The DARPA Subterranean Challenge Final Event is scheduled to take place at the Louisville Mega Cavern in Louisville, Kentucky, from September 21 to 23. We’ve followed SubT teams as they’ve explored their way through abandoned mines, unfinished nuclear reactors, and a variety of caves, and now everything comes together in one final course where the winner of the Systems Track will take home the $2 million first prize.

It’s a fitting reward for teams that have been solving some of the hardest problems in robotics, but winning isn’t going to be easy, and we’ll talk with SubT Program Manager Tim Chung about what we have to look forward to.
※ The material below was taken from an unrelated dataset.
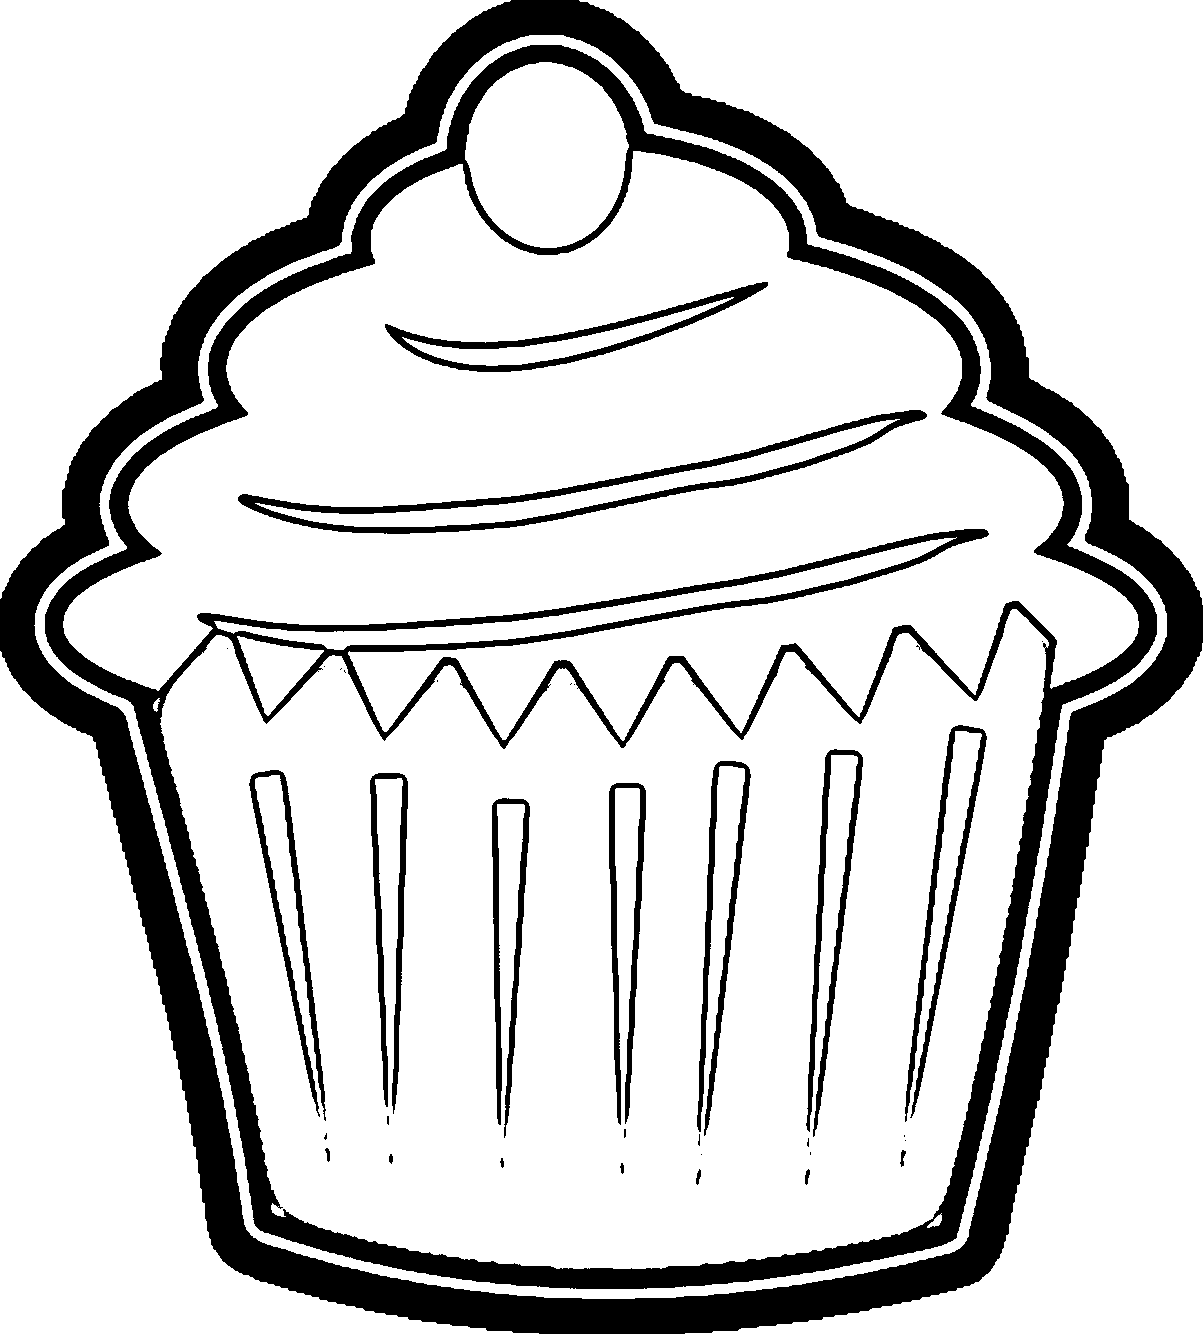 Cupcake Cup Cake Coloring Page 55 | Wecoloringpage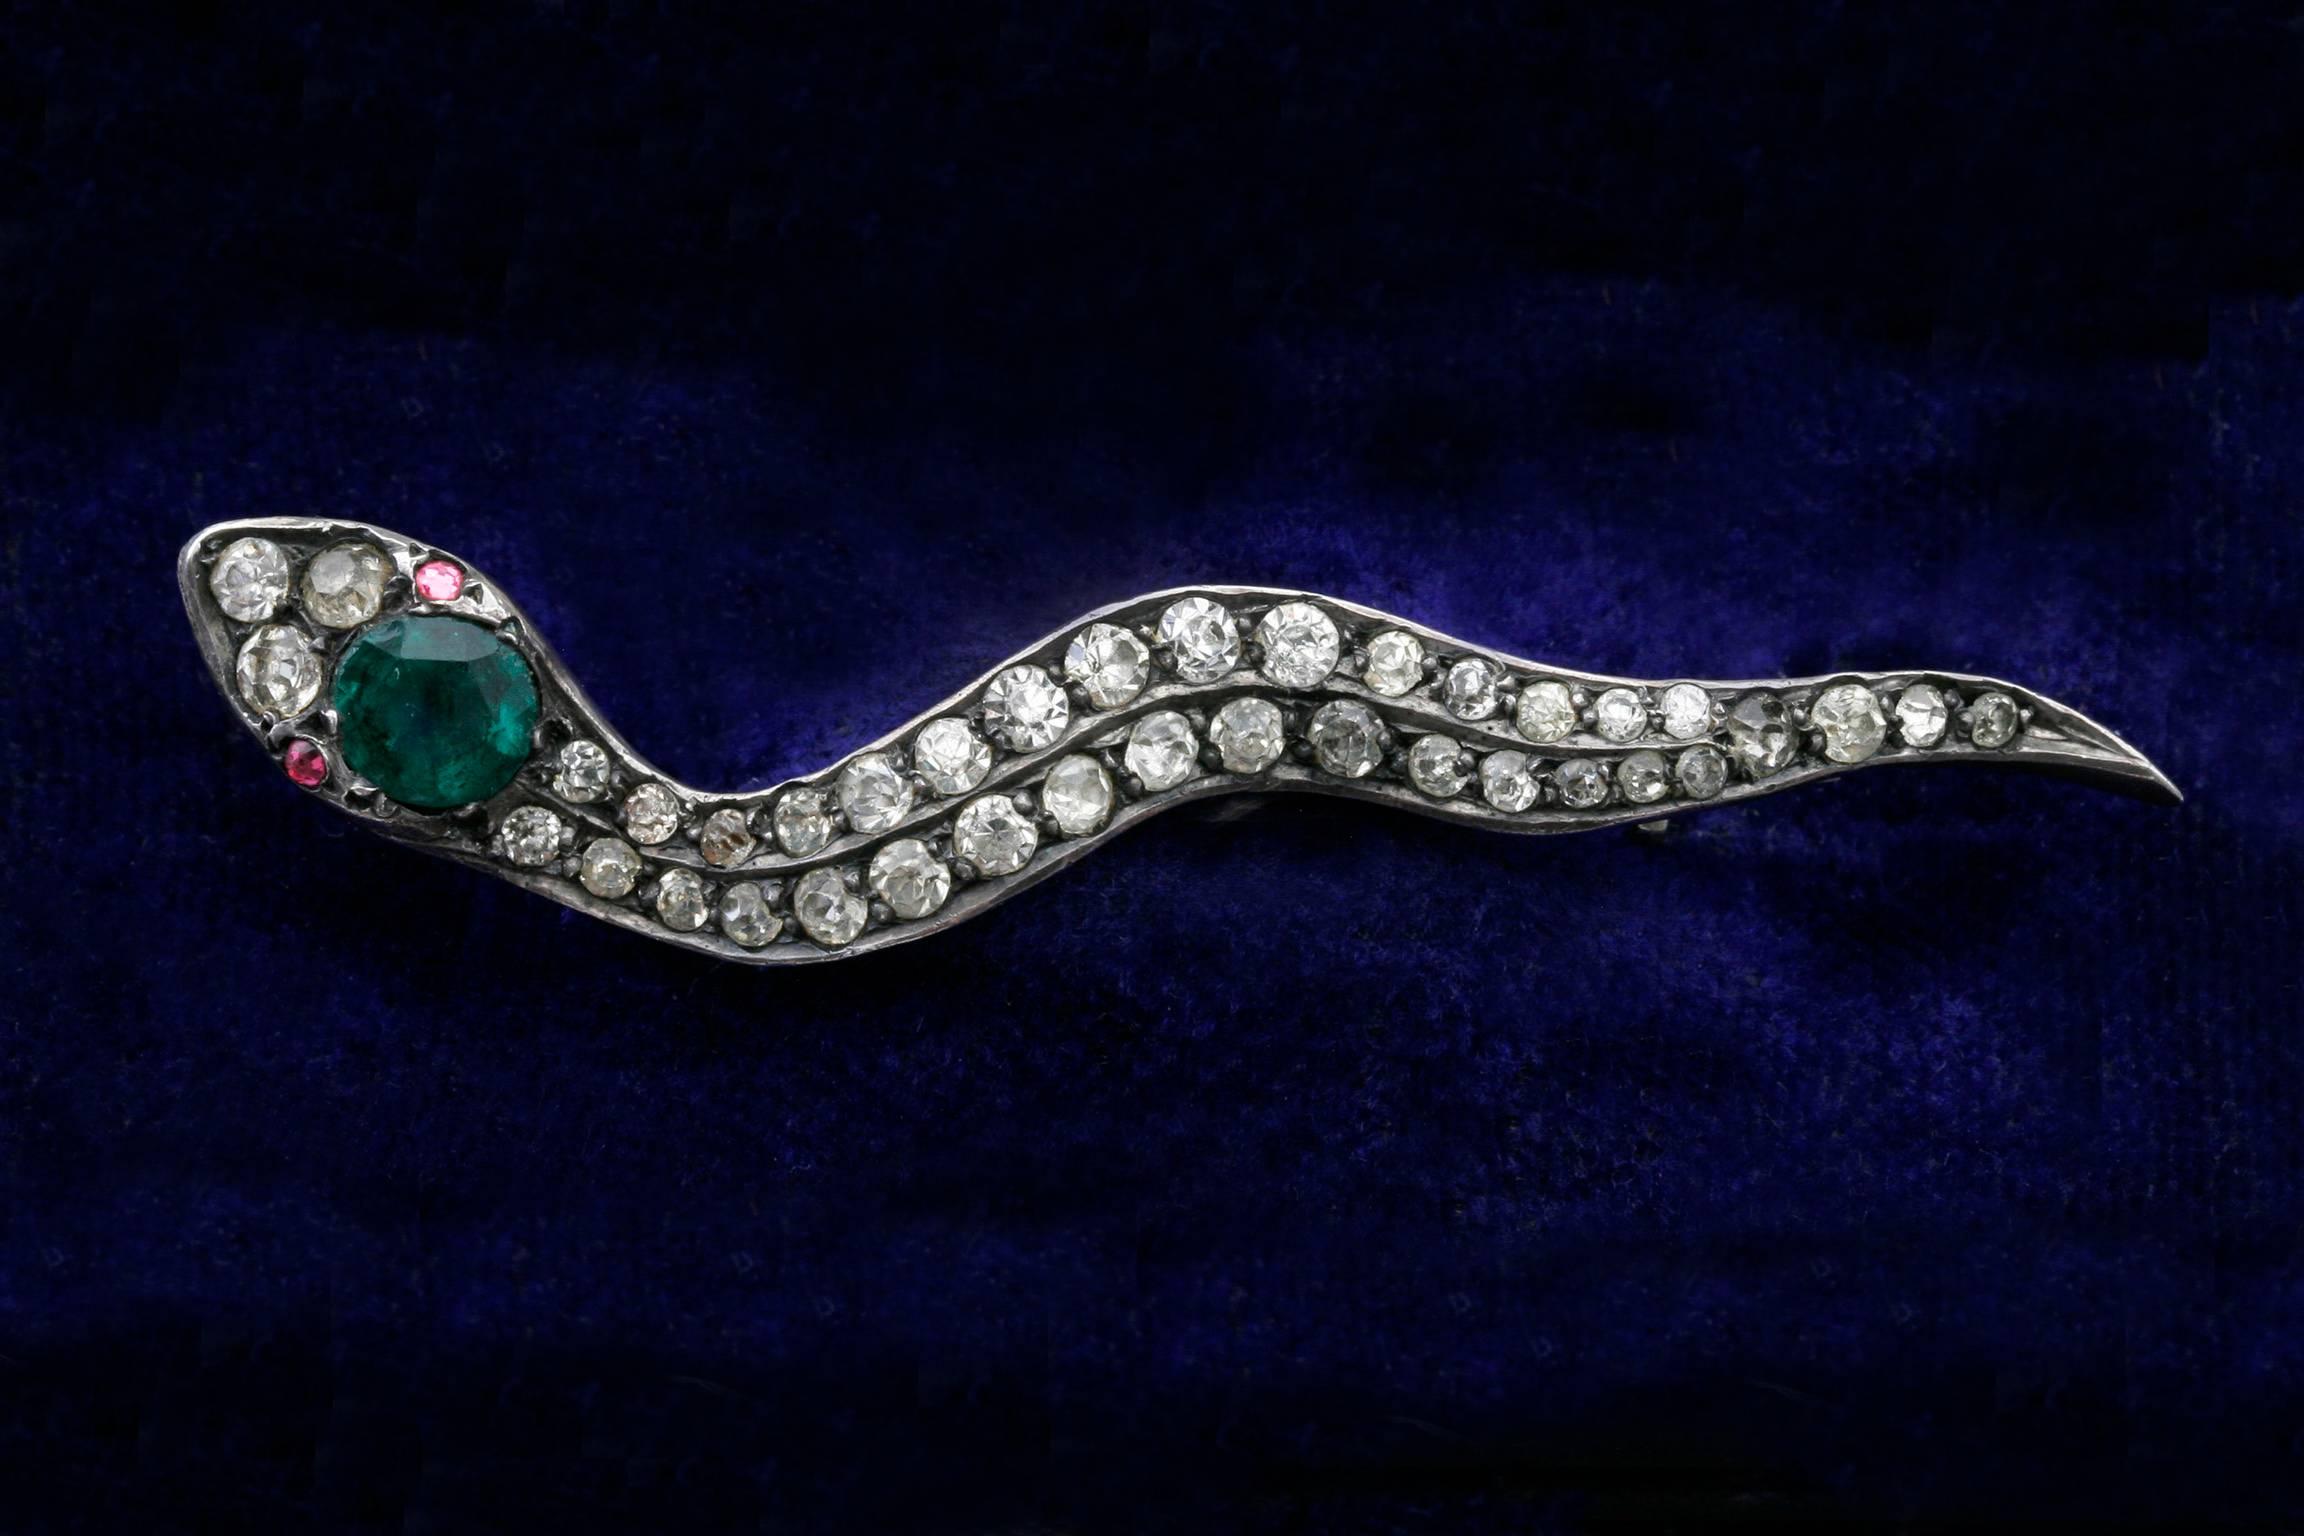 C.1910.  A lovely snake brooch set in sterling silver, stamped 935 (a common sterling stamp in Germany, Austria and Switzerland). Created throughout with glittering clear paste stones for the snake’s body, the brooch features emerald and ruby

Since we haven’t talked about SubT in a little while (what with the unfortunate covid-related cancellation of the Systems Track Cave Circuit), here’s a quick refresher of where we are: the teams have made it through the Tunnel Circuit, the Urban Circuit, and a virtual version of the Cave Circuit, and some of them have been testing in caves of their own. The Final Event will include all of these environments, and the teams of robots will have 60 minutes to autonomously map the course, locating artifacts to score points. Since I’m not sure where on Earth there’s an underground location that combines tunnels and caves with urban structures, DARPA is going to have to get creative, and the location in which they’ve chosen to do that is Louisville, Kentucky.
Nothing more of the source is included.